As it is worded, Article 26, paragraph 2, refers to a special situation wherein one of the married couple is
a foreigner who divorces his or her Filipino spouse. By its plain and literal interpretation, the said
provision cannot be applied to the case of respondent Crasus and his wife Fely because at the time
Fely obtained her divorce, she was still a Filipino citizen. Although the exact date was not established,
Fely herself admitted in her Answer filed before the RTC that she obtained a divorce from respondent
Crasus sometime after she left for the United States in 1984, after which she married her American
husband in 1985. In the same Answer, she alleged that she had been an American citizen since 1988. At
the time she filed for divorce, Fely was still a Filipino citizen, and pursuant to the nationality principle
embodied in Article 15 of the Civil Code of the Philippines, she was still bound by Philippine laws on
family rights and duties, status, condition, and legal capacity, even when she was already living abroad.
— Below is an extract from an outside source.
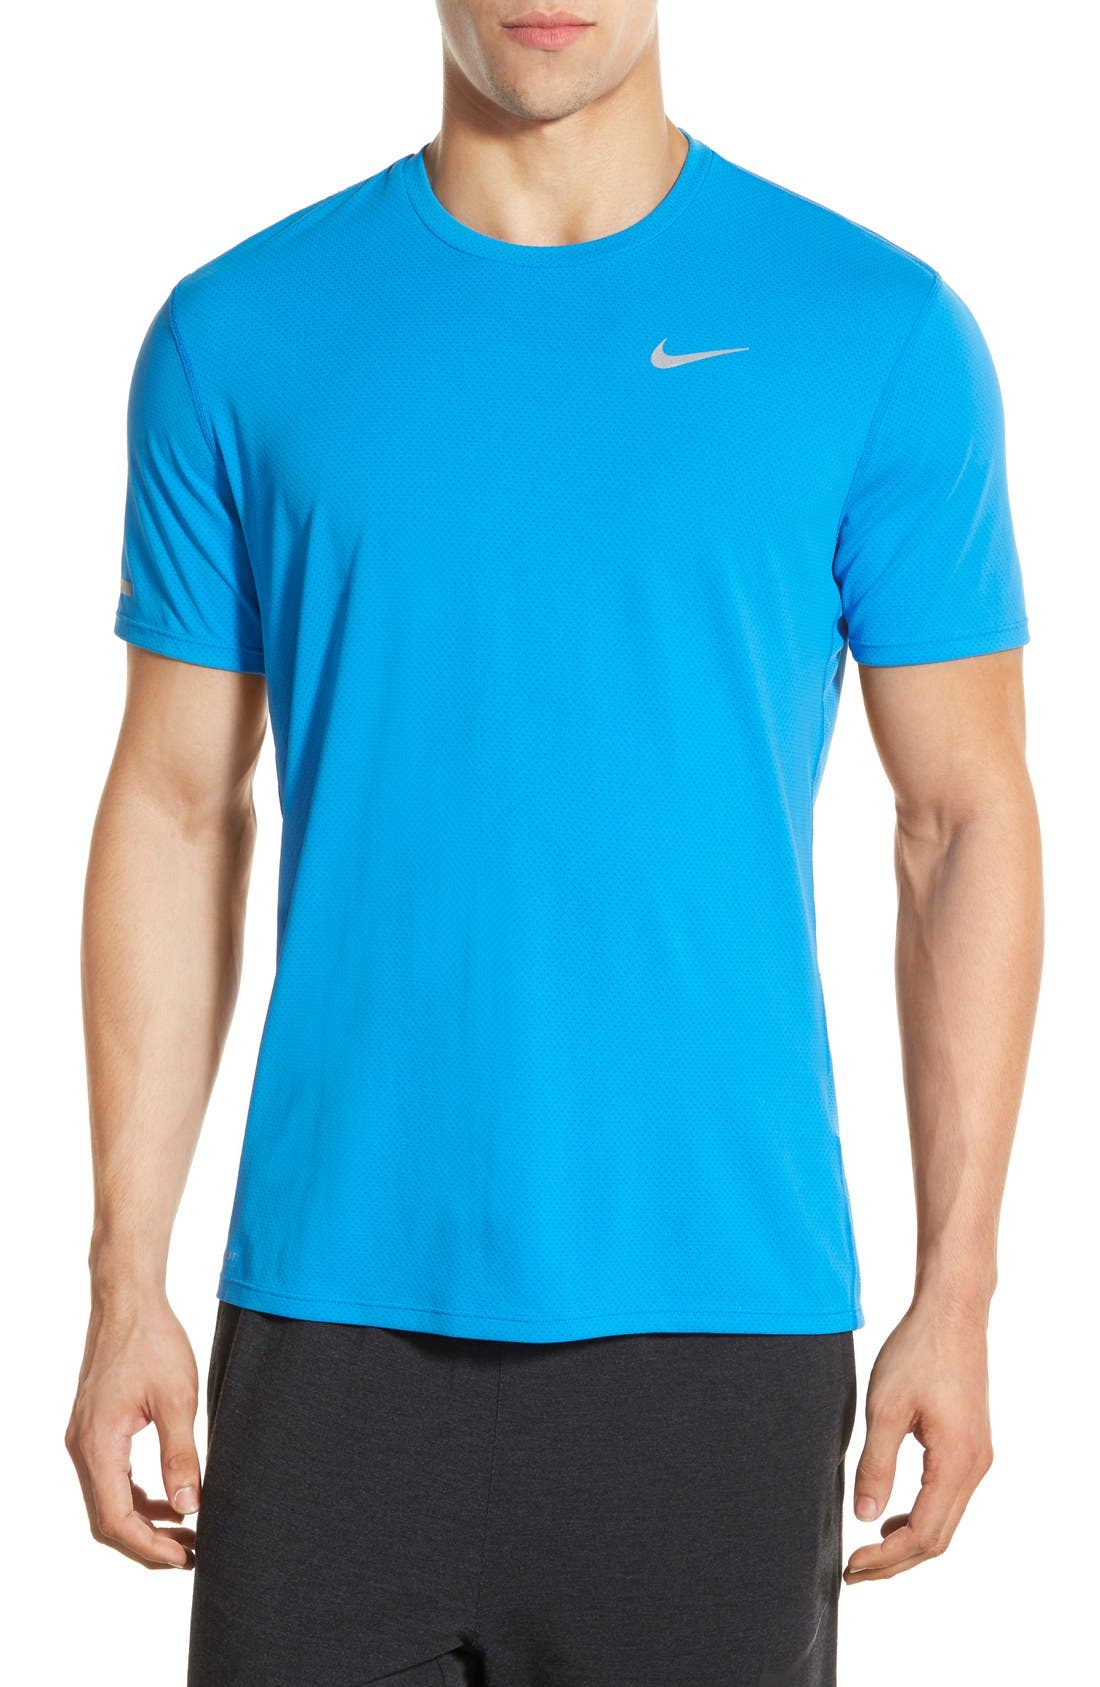 Main Image - Nike 'Contour' Mesh Dri-FIT Running T-Shirt

Philippine laws, then and even until now, do not allow and recognize divorce between Filipino spouses.
Thus, Fely could not have validly obtained a divorce from respondent Crasus.
While this Court commiserates with respondent Crasus for being continuously shackled to what is now a
hopeless and loveless marriage, this is one of those situations where neither law nor society can provide
the specific answer to every individual problem.